▶ ACTIVITY
You are asked to copy the entire listing exactly, apart from its pictures.

▶ GIVEN INFORMATION
=== Begin Enclosure ===

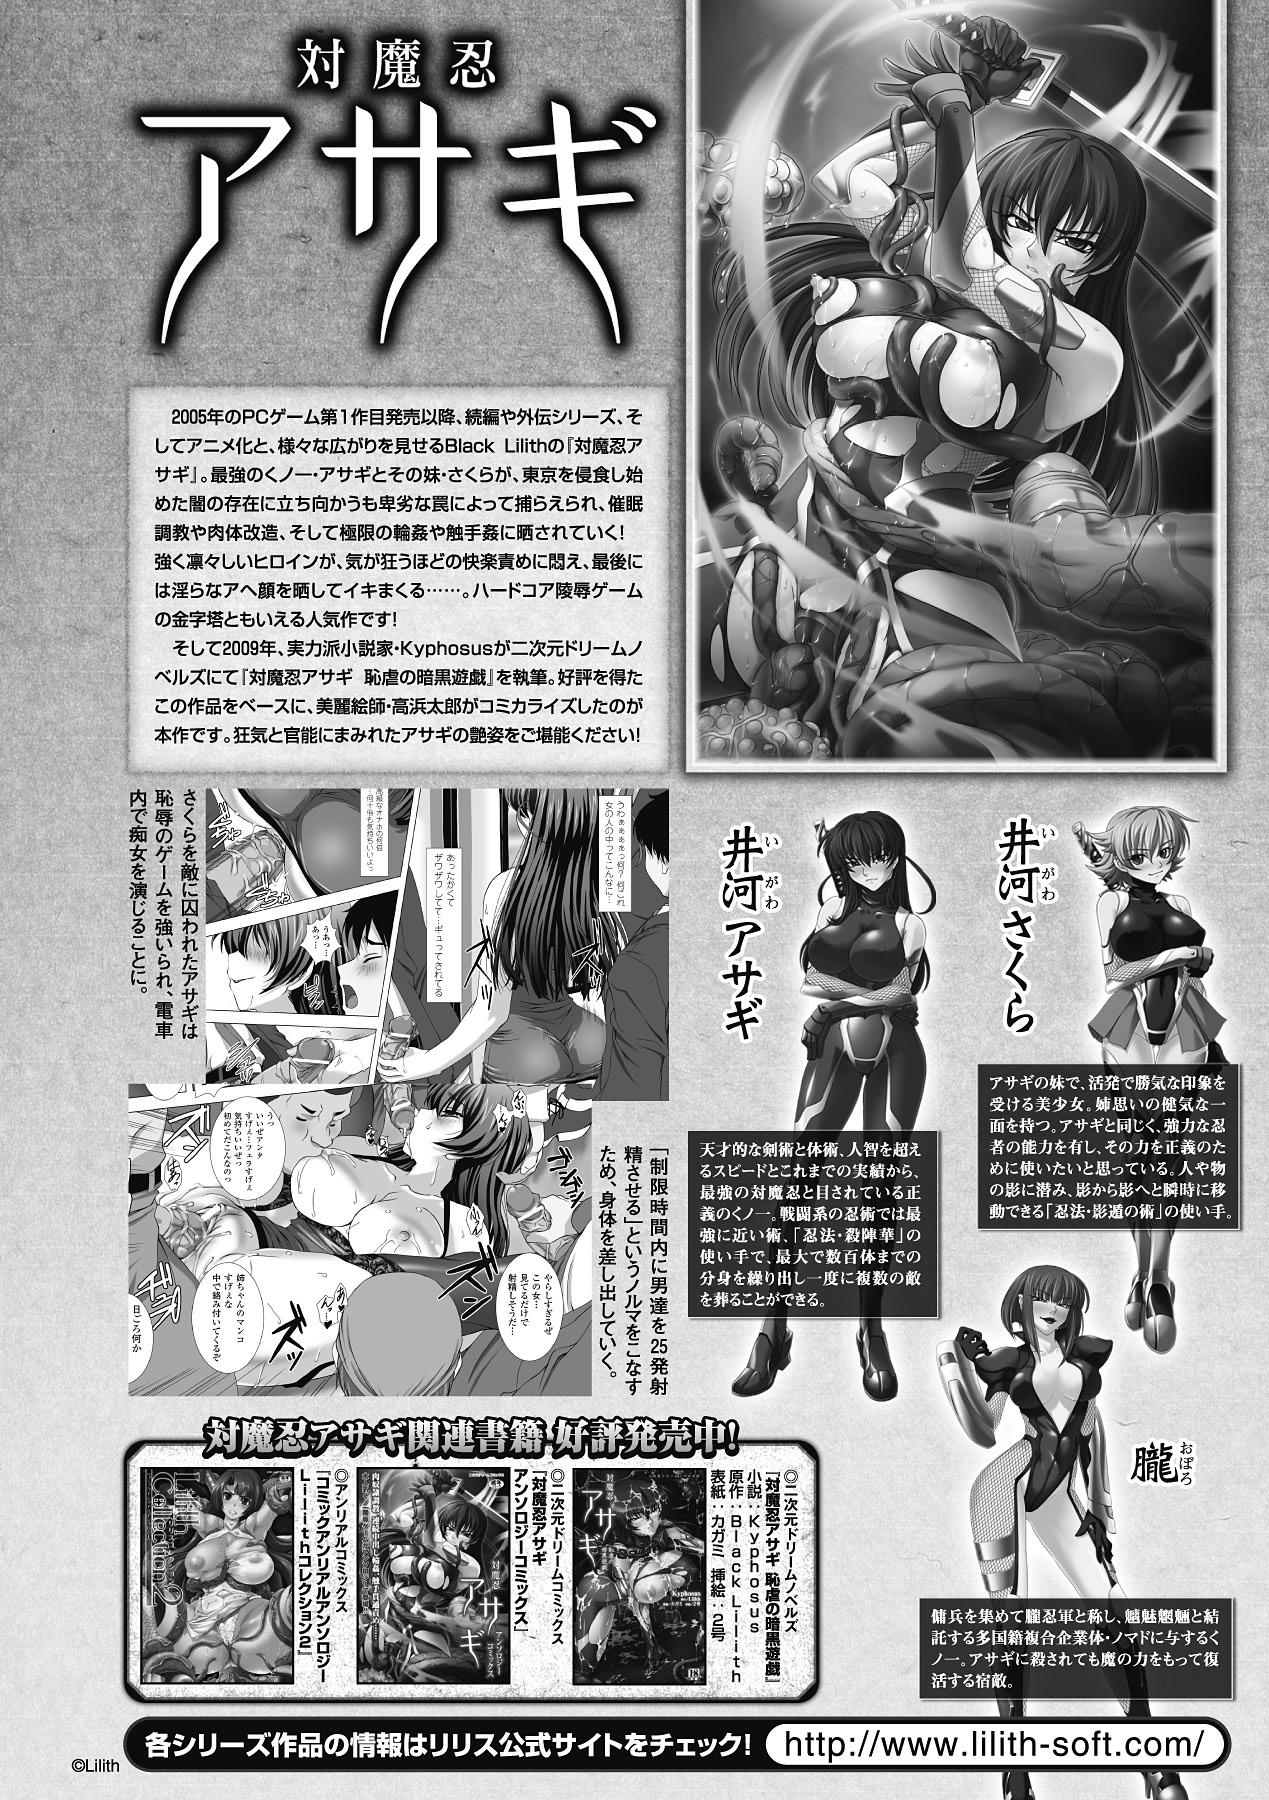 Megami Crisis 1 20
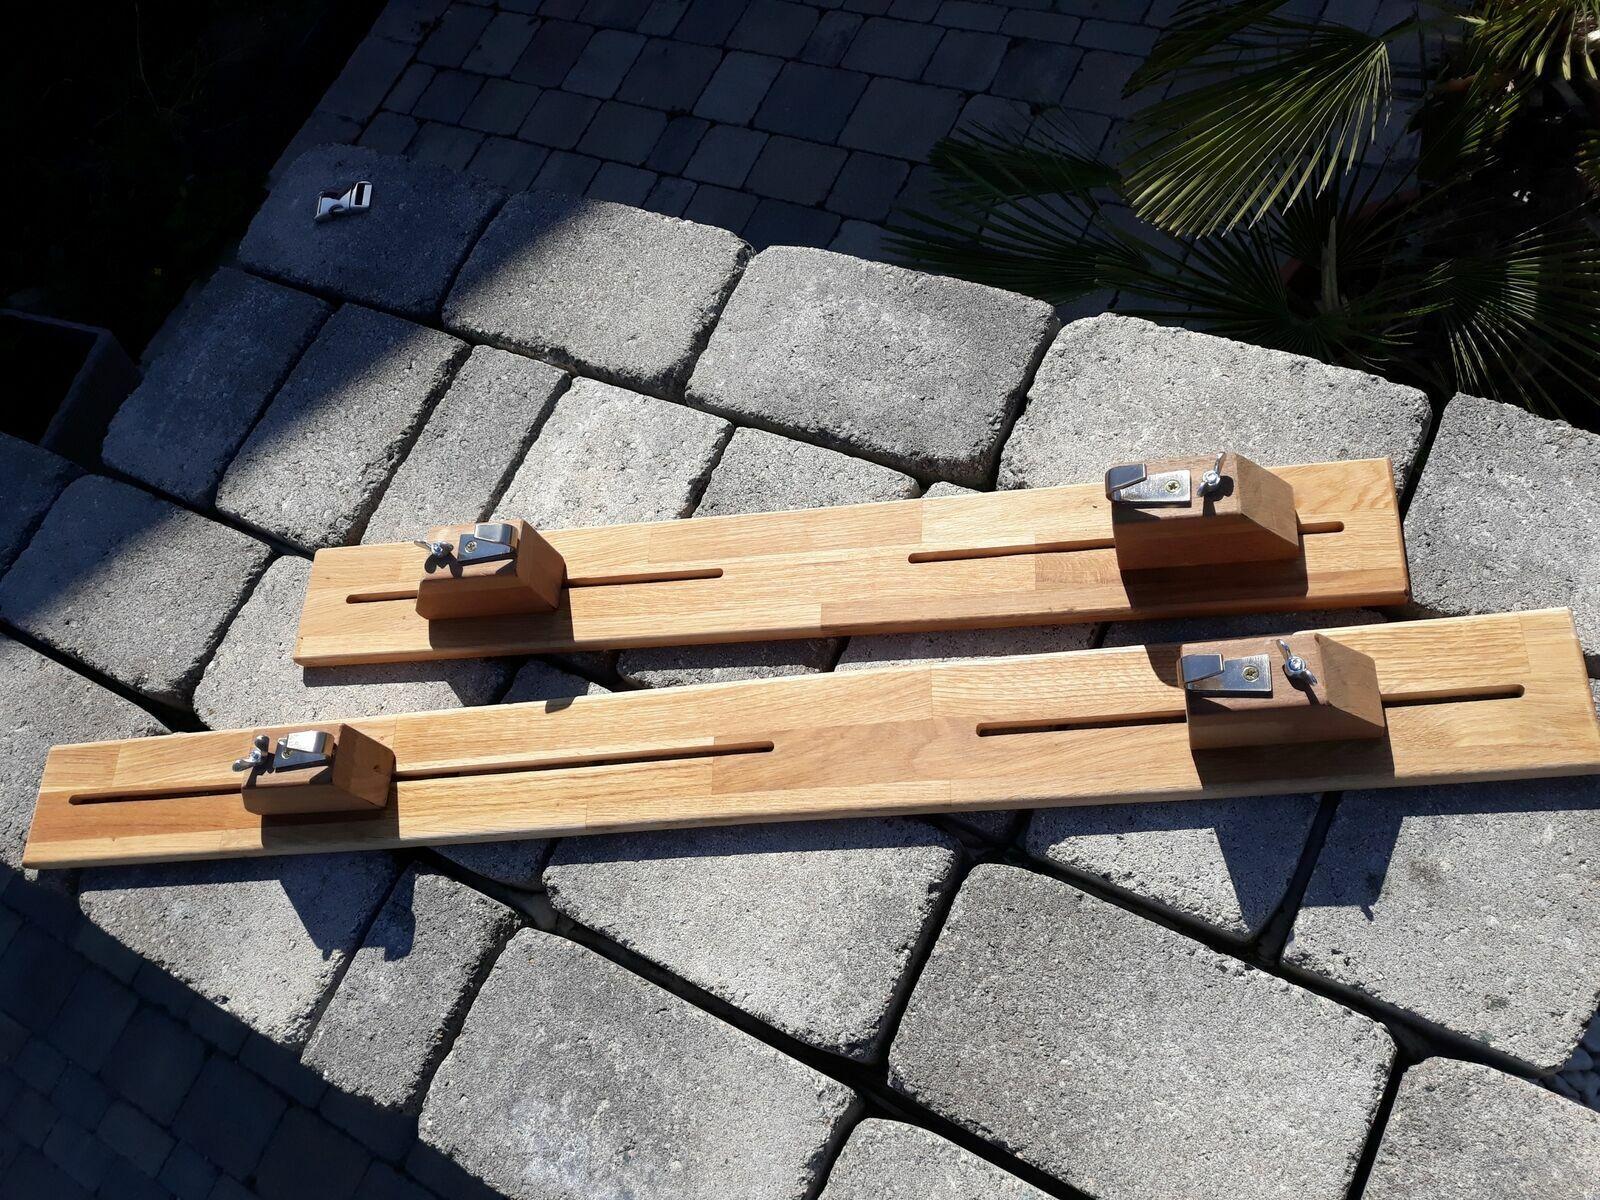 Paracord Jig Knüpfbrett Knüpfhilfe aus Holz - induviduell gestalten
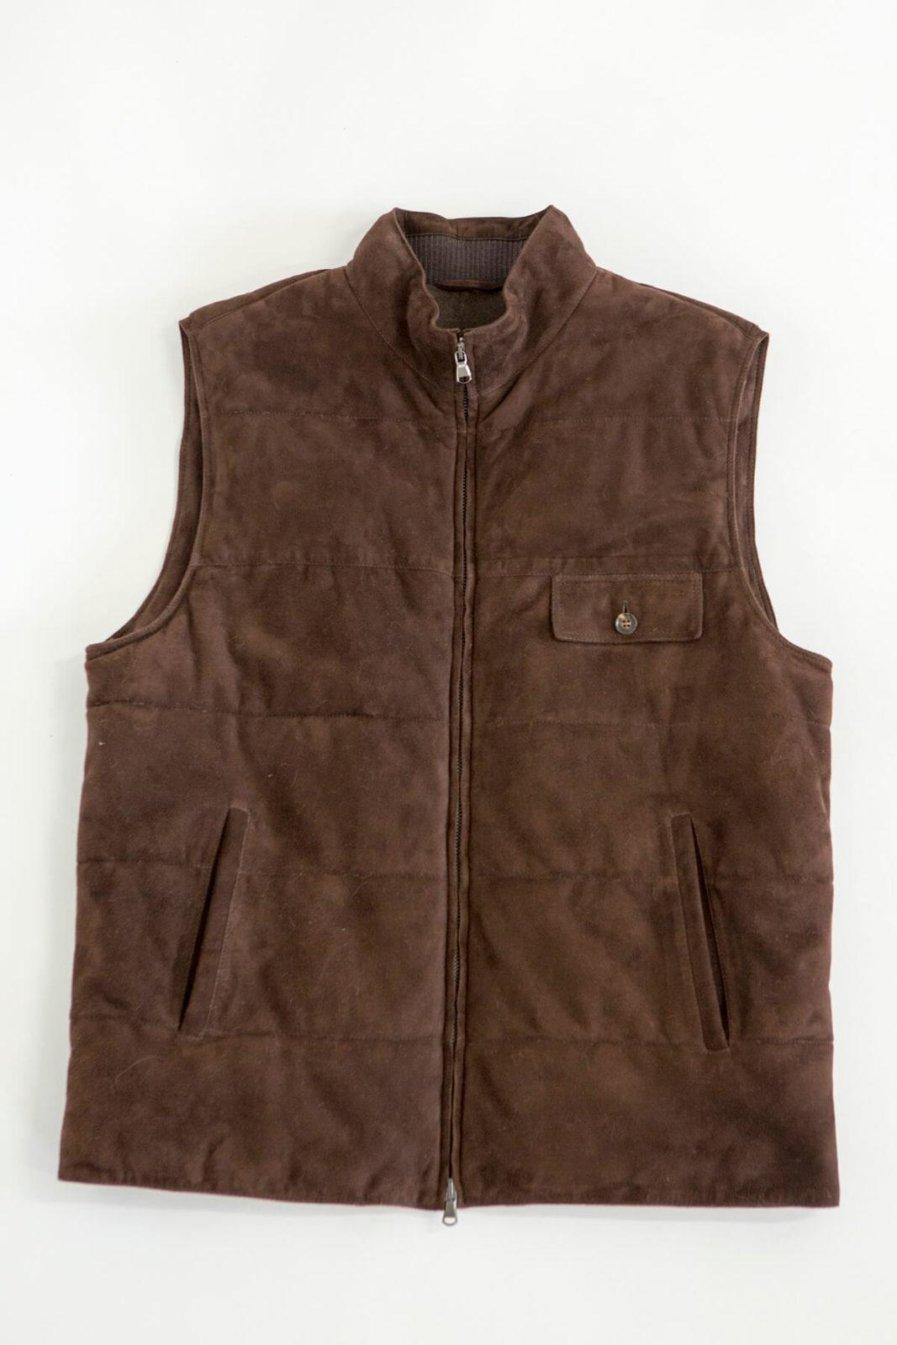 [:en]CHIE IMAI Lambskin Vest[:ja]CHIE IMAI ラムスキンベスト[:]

=== End Enclosure ===

▶ SOLUTION
 Megami Crisis 1 20
 Paracord Jig Knüpfbrett Knüpfhilfe aus Holz - induviduell gestalten
 [:en]CHIE IMAI Lambskin Vest[:ja]CHIE IMAI ラムスキンベスト[:]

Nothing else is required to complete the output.